> **WHAT IS BEING ASKED**
In the copy, include all of the listing exactly and none of its pictures.

> **DATA BELOW**
------------------------------------------------

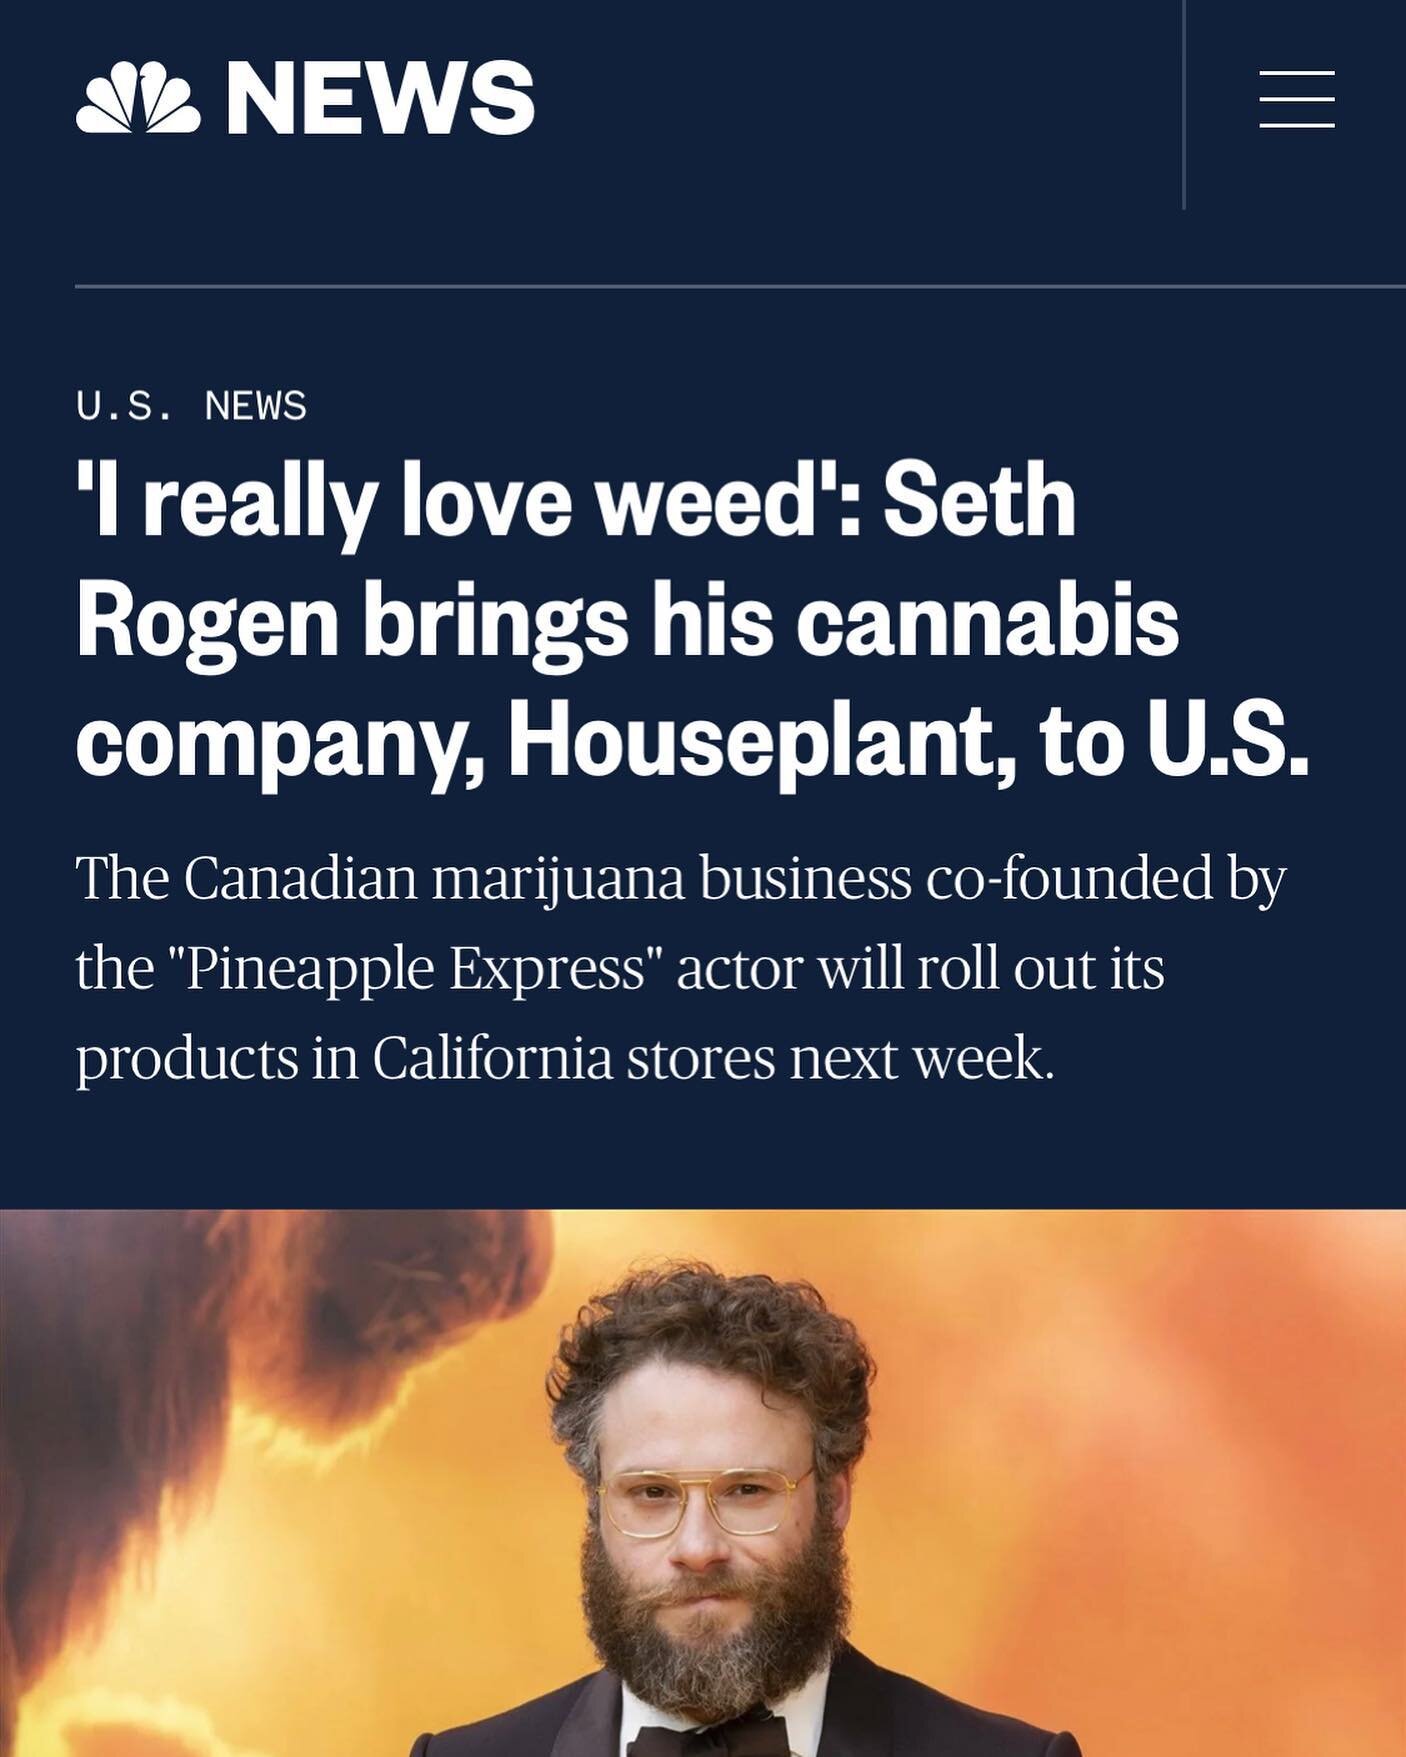 @sethrogen really loves #cannabis 👍 read via @nbcnews about his company coming to the states 

#celebritiesincannabis #cannabisnews #cannabiscommunity #pineappleexpress #cannabisculture
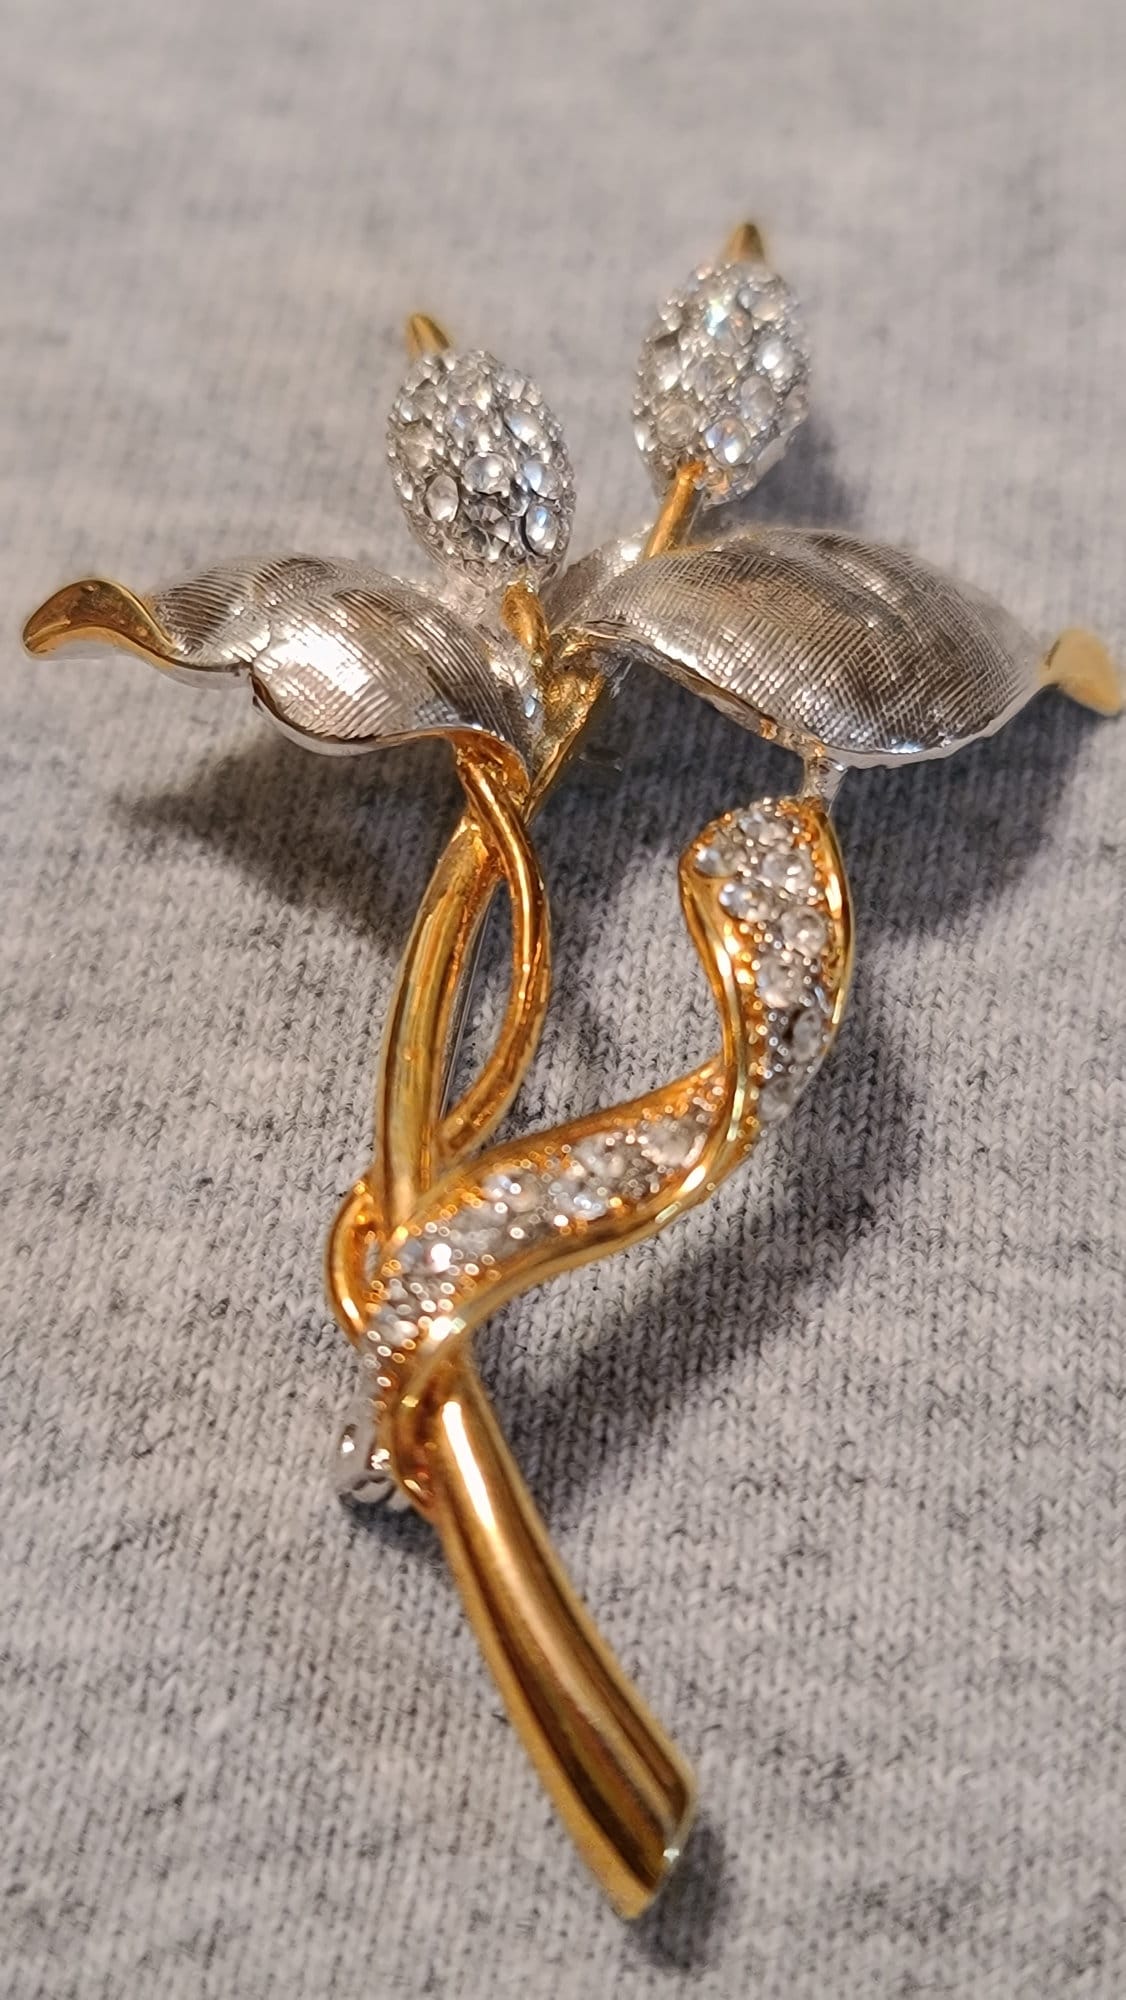 Very Rare Calla Lily Brooch From the Elizabeth Taylor White - Etsy

------------------------------------------------

> **EXERCISE ANSWER**
 @sethrogen really loves #cannabis 👍 read via @nbcnews about his company coming to the states 

#celebritiesincannabis #cannabisnews #cannabiscommunity #pineappleexpress #cannabisculture
 Very Rare Calla Lily Brooch From the Elizabeth Taylor White - Etsy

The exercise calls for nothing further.